Saturday, April 30, 2022

From My Nature Journal: The Proof is in the Pudding

It’s a strange phrase, isn’t it? What does pudding prove, after all? If you know your metaphors, however, you know its simple meaning: if one wonders the nature of a thing, that thing has simply to be experienced. 

Etymologically, it is first found roughly in English in the 1300’s without reference to an author, going this way: Jt is ywrite that euery thing Hymself sheweth in the tastyng. By 1605 a first named source is found, British historian William Camden, who has it: All the proofe of a pudding’s i’ the eating. And we’re not talking about Jello pudding or a tapioca here. The common meal among the English was something called a pudding, which was most often a savory, even meaty dish, constituting the main or sometimes the only course. Of course, there were also some sweet ones, and many of us have even ordered it from time to time without knowing it or even knowing what it is. ‘Oh, bring us some figgy pudding,’ indeed.  In the case of our phrase, it could be paraphrased like this: Don’t judge the dish by its looks or even by what the cook says. Take a bite.

But here’s another way the phrase is used: if something is distrusted or unknown, just look at its evidences. I had cause yet again to think about this recently in relation to such an enormous subject as the existence of God, of all things, and this in a text in The Apocrypha. Okay, okay, as an evangelical Protestant, I must say I’m not greatly familiar with these intertestamental Christian writings found in Roman Catholic and a few other traditions’ translations.

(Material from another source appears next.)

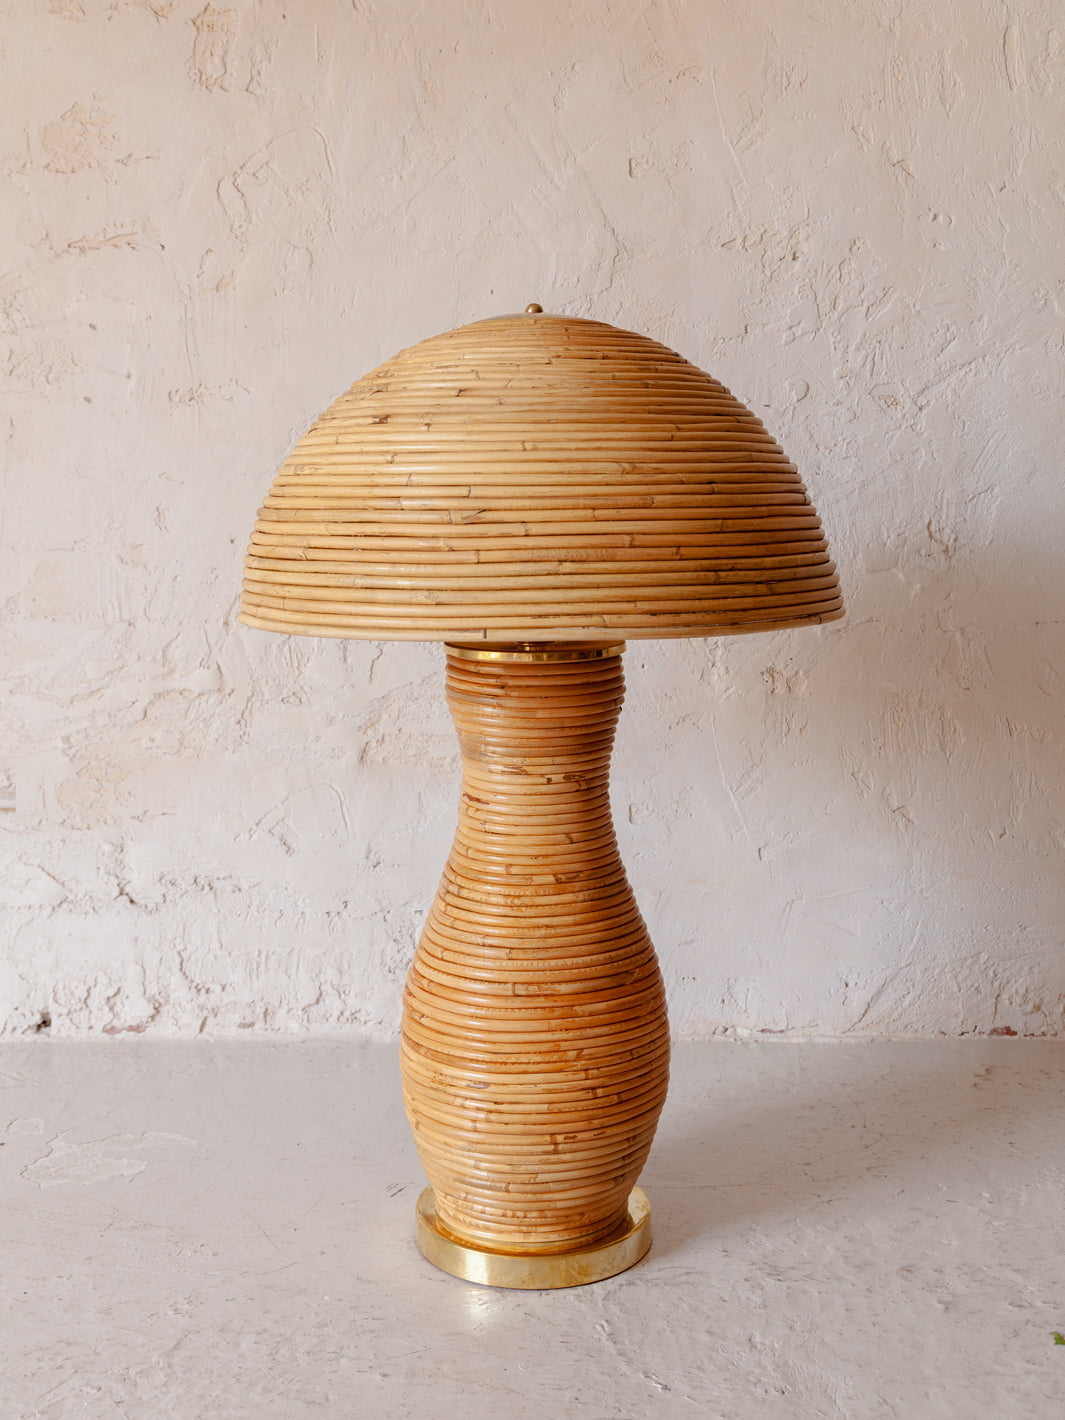 Italian handmade bamboo lamp

Most of the main Protestant translations don’t include these few ‘books’ written in between the historic times of what Christians call the Old Testament (the history and faith of Israel pre-Jesus) and the New Testament (the life of Jesus and inspiration of the early church). I’m not sure why this is so, likely just the traditions of the various reform movements of the 16th and 17th Centuries. 

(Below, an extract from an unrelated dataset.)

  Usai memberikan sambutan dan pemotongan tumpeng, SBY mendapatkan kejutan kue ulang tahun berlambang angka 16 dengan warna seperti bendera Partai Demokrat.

And frankly, I cannot even remember where I ran into this passage. Was it on the Jesuit Pray as You Go app I listen to daily on my smartphone? They occasionally use an apocryphal text as the passage of the day. Or was it in some other ecological reading I did somewhere? Anyway, there it was, this surprisingly firm yet still lovely text about the proof of God in God’s creation. Here it is, from The Apocrypha’s ‘book’ called Wisdom, chapter 13 in its entirety (the bolding is mine):

1 For all people who were ignorant of God were foolish by nature; and they were unable from the good things that are seen to know the One who exists, nor did they recognize the Artisan while paying heed to his works;

2 but they supposed that either fire or wind or swift air, or the circle of the stars, or turbulent water, or the luminaries of heaven were the gods that rule the world.

3 If through delight in the beauty of these things people assumed them to be gods, let them know how much better than these is their Lord, for the Author of Beauty created them.

4 And if people were amazed at their power and working, let them perceive from them how much more powerful is the One who formed them.

5 For from the greatness and beauty of created things comes a corresponding perception of their Creator.

6 Yet these people are little to be blamed, for perhaps they go astray while seeking God and desiring to find him.

7 For while they live among his works, they keep searching, and they trust in what they see, because the things that are seen are beautiful.

8 Yet again, not even they are to be excused;

9 for if they had the power to know so much that they could investigate the world, how did they fail to find sooner the Lord of these things?

Wow, that’s a pretty strong text. It reminds me of two others in the Bible versions I am much more familiar with. First from Job 12:7-10 (bold again mine):

Ask the animals, and they will teach you;

    the birds of the air, and they will tell you;

ask the plants of the earth, and they will teach you;

    and the fish of the sea will declare to you.

Who among all these does not know

    that the hand of the LORD has done this?

In his hand is the life of every living thing

    and the breath of every human being.

And then from the Apostle Paul’s letter to the Romans, 1:19-20, which has it this way in the
Christian New Testament (I am using Eugene Peterson’s creative translation, The Message, and, again, the bold mine):

But the basic reality of God is plain enough. Open your eyes and there it is! By taking a long and thoughtful look at what God has created, people have always been able to see what their eyes as such can’t see: eternal power, for instance, and the mystery of his divine being. 

Back to our pudding, sometimes it just needs to be said: If the reality of God is still at best a stretch for you, look at God’s creative and loving evidences. Go ahead. Take a bite. The Master Chef is eager that you do that. Or, as the Bible says elsewhere, “Taste and see…” Have patience with the possibility that God is not only real, but that God desires to be known and even makes that a possibility for all willing to consider it.